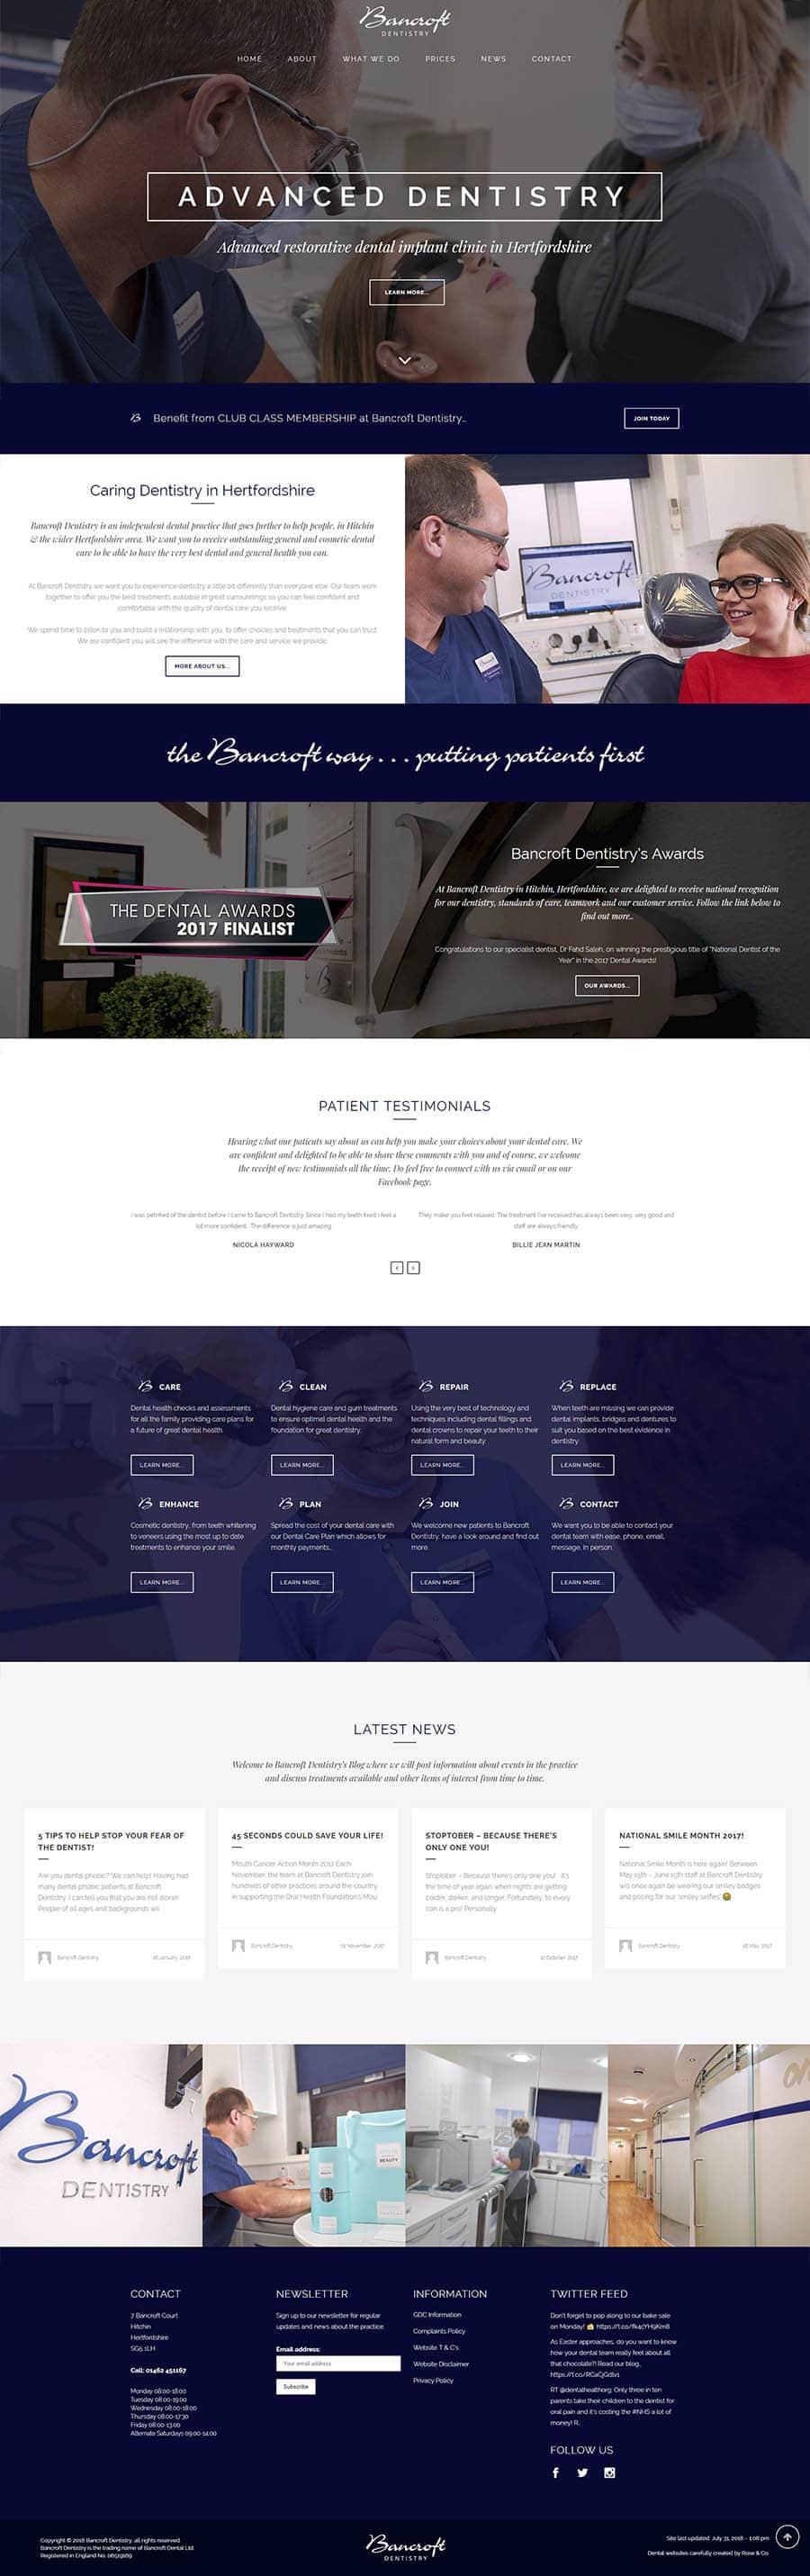 bancroft dentistry website design
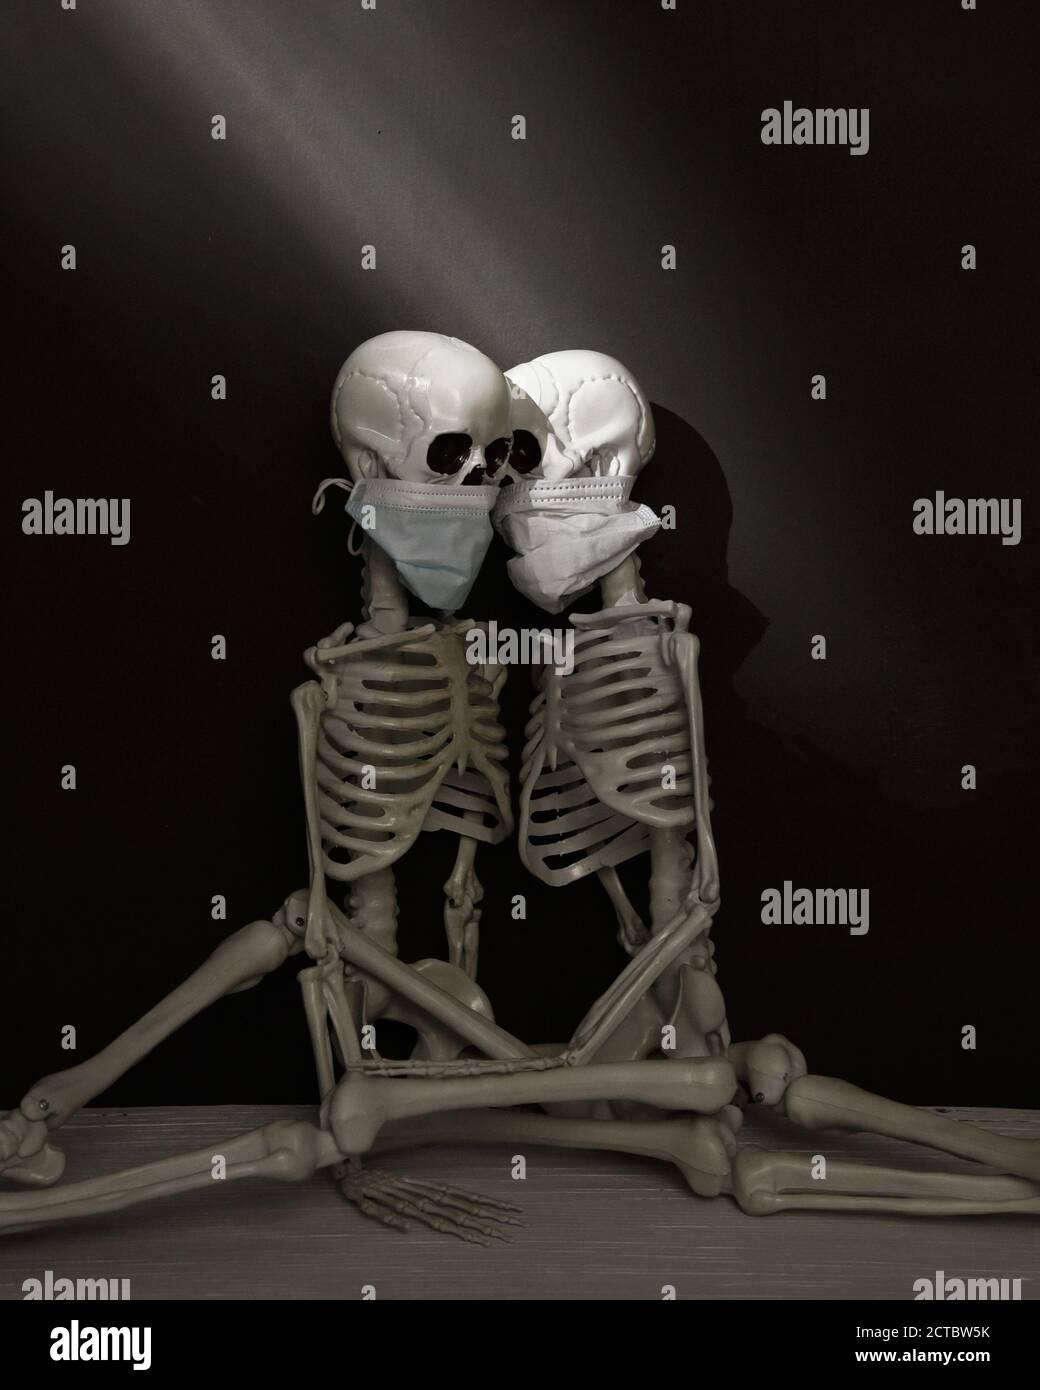 Deux squelettes humains sont assis ensemble dans une pièce sombre portant des masques pour un étrange concept de santé du virus pandémique. Banque D'Images
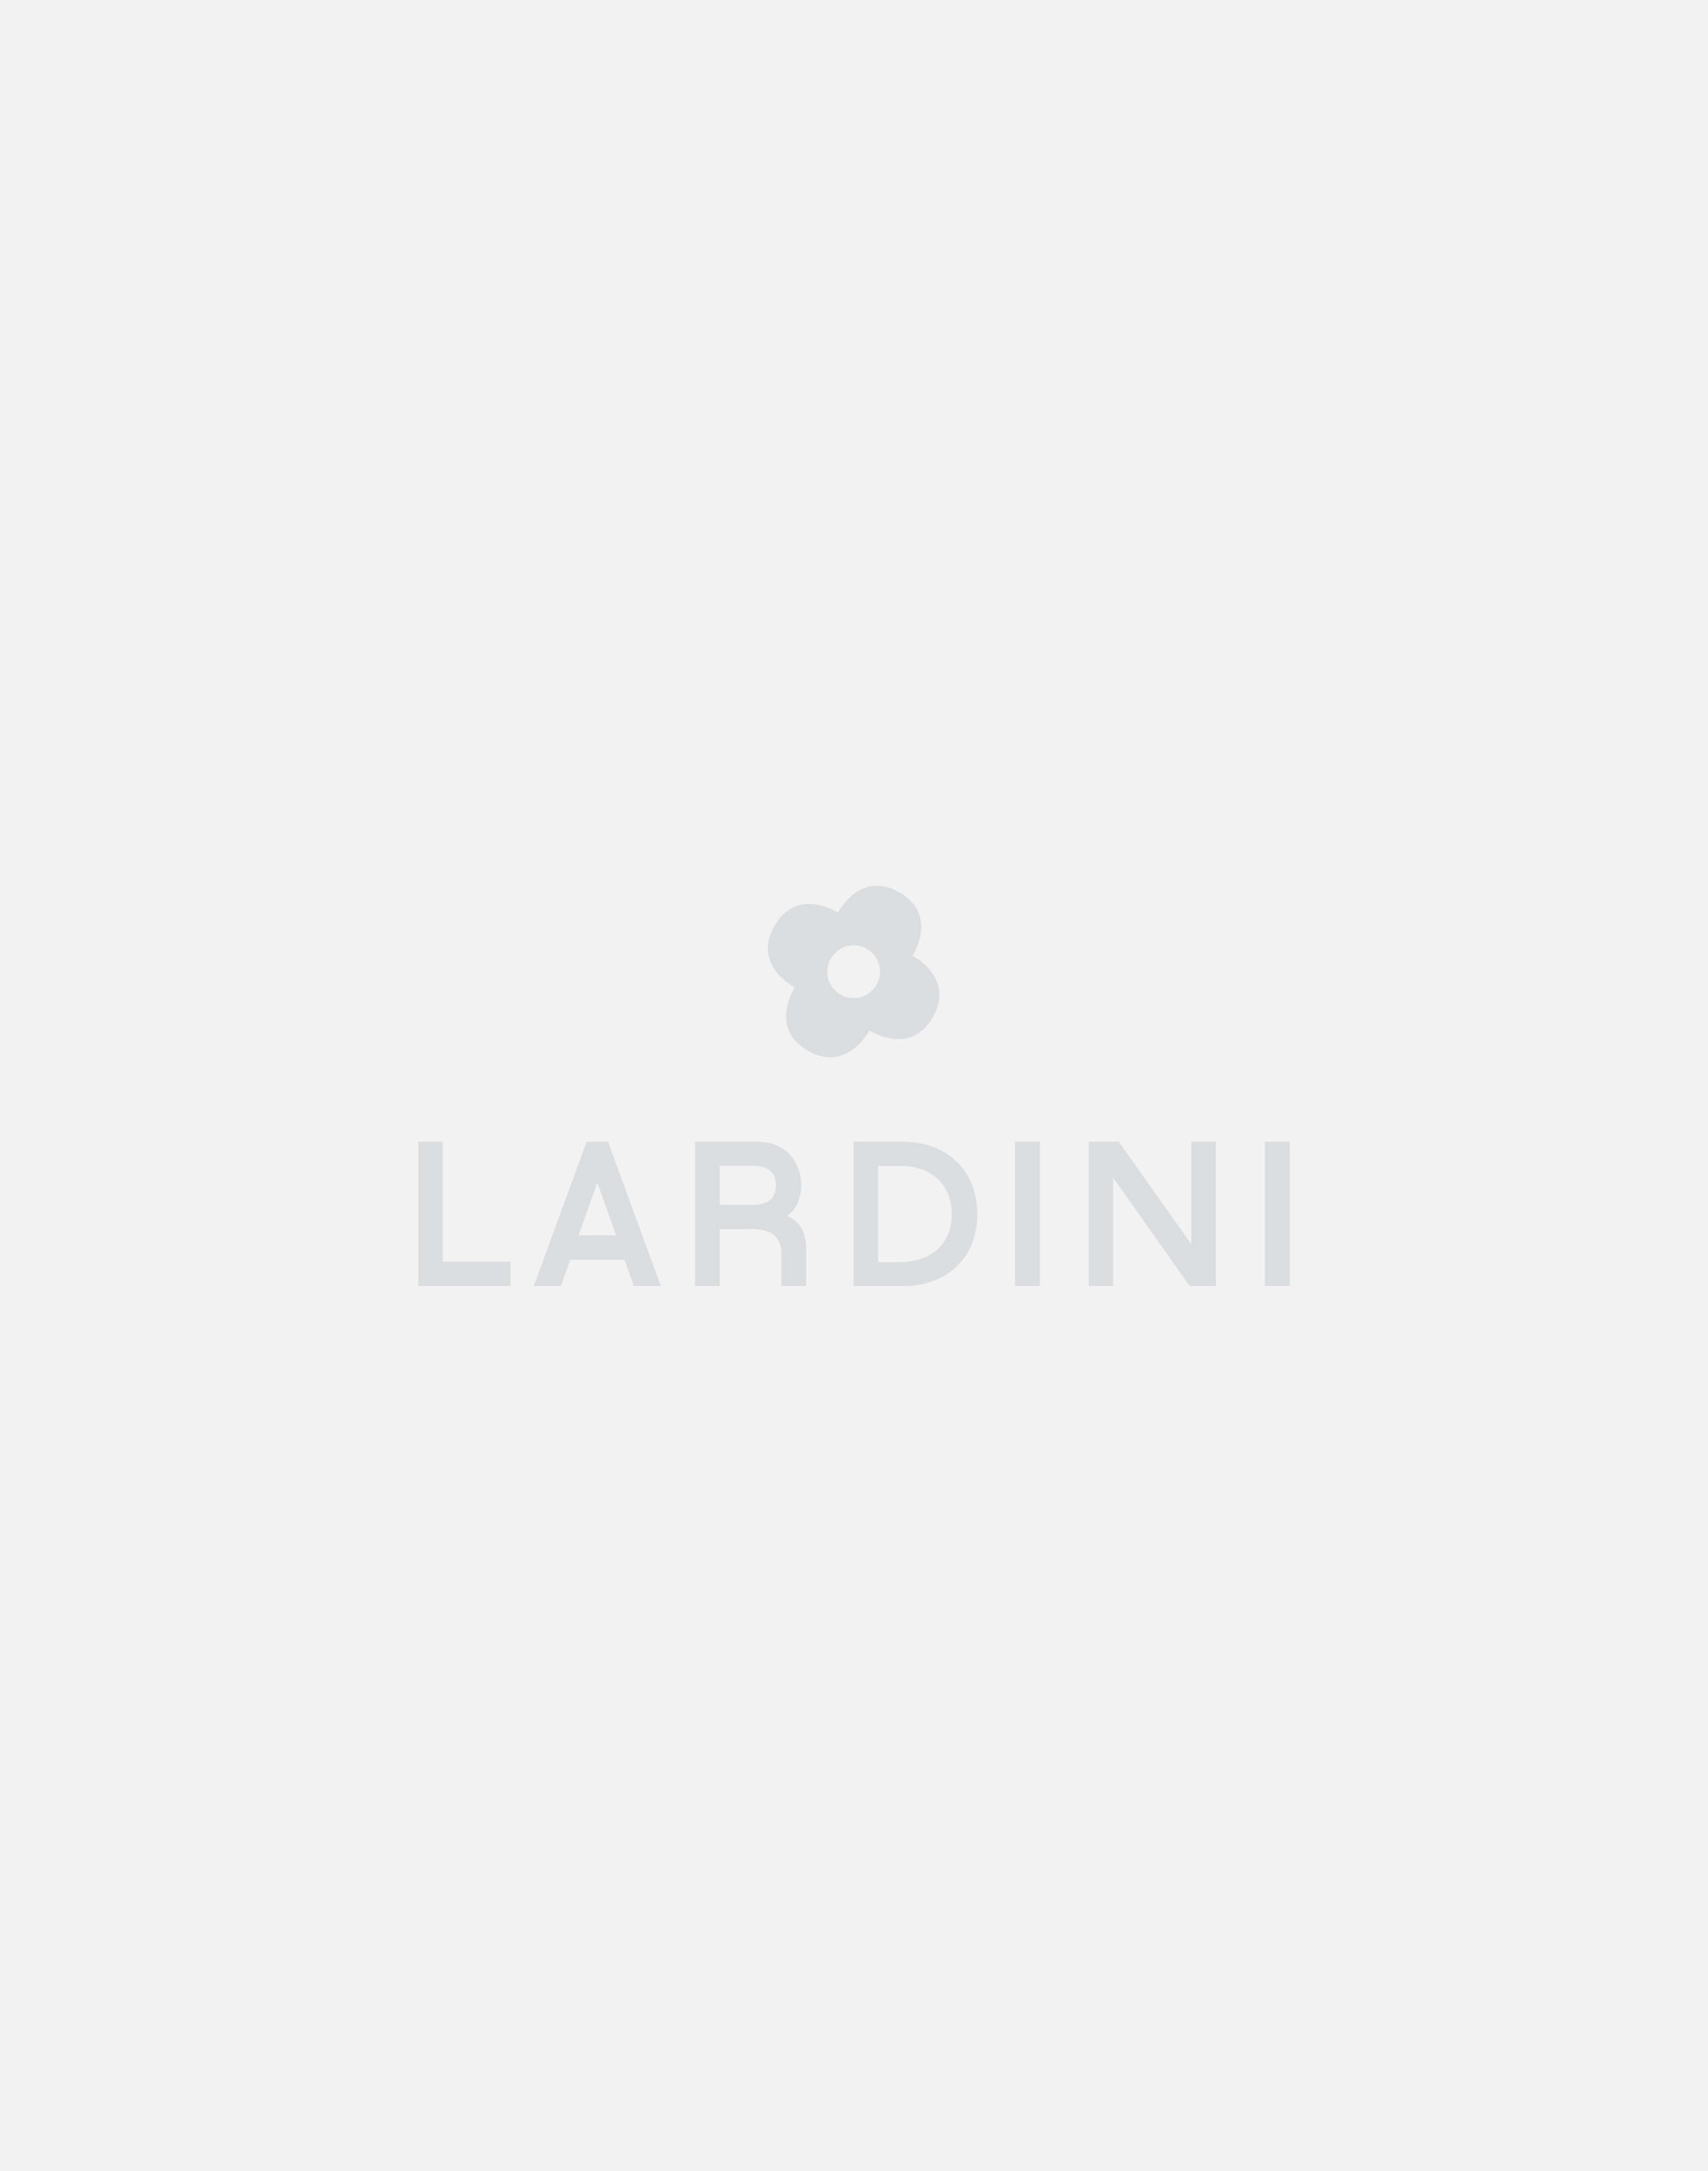 T-shirt con ricamo bianca - Capsule Luigi Lardini
:::
• WHAT IS BEING ASKED
Please write out all the data again word for word, but not the pictures.

• ANSWER TO THIS TASK
 bancroft dentistry website design
 Deux squelettes humains sont assis ensemble dans une pièce sombre portant des masques pour un étrange concept de santé du virus pandémique. Banque D'Images
 T-shirt con ricamo bianca - Capsule Luigi Lardini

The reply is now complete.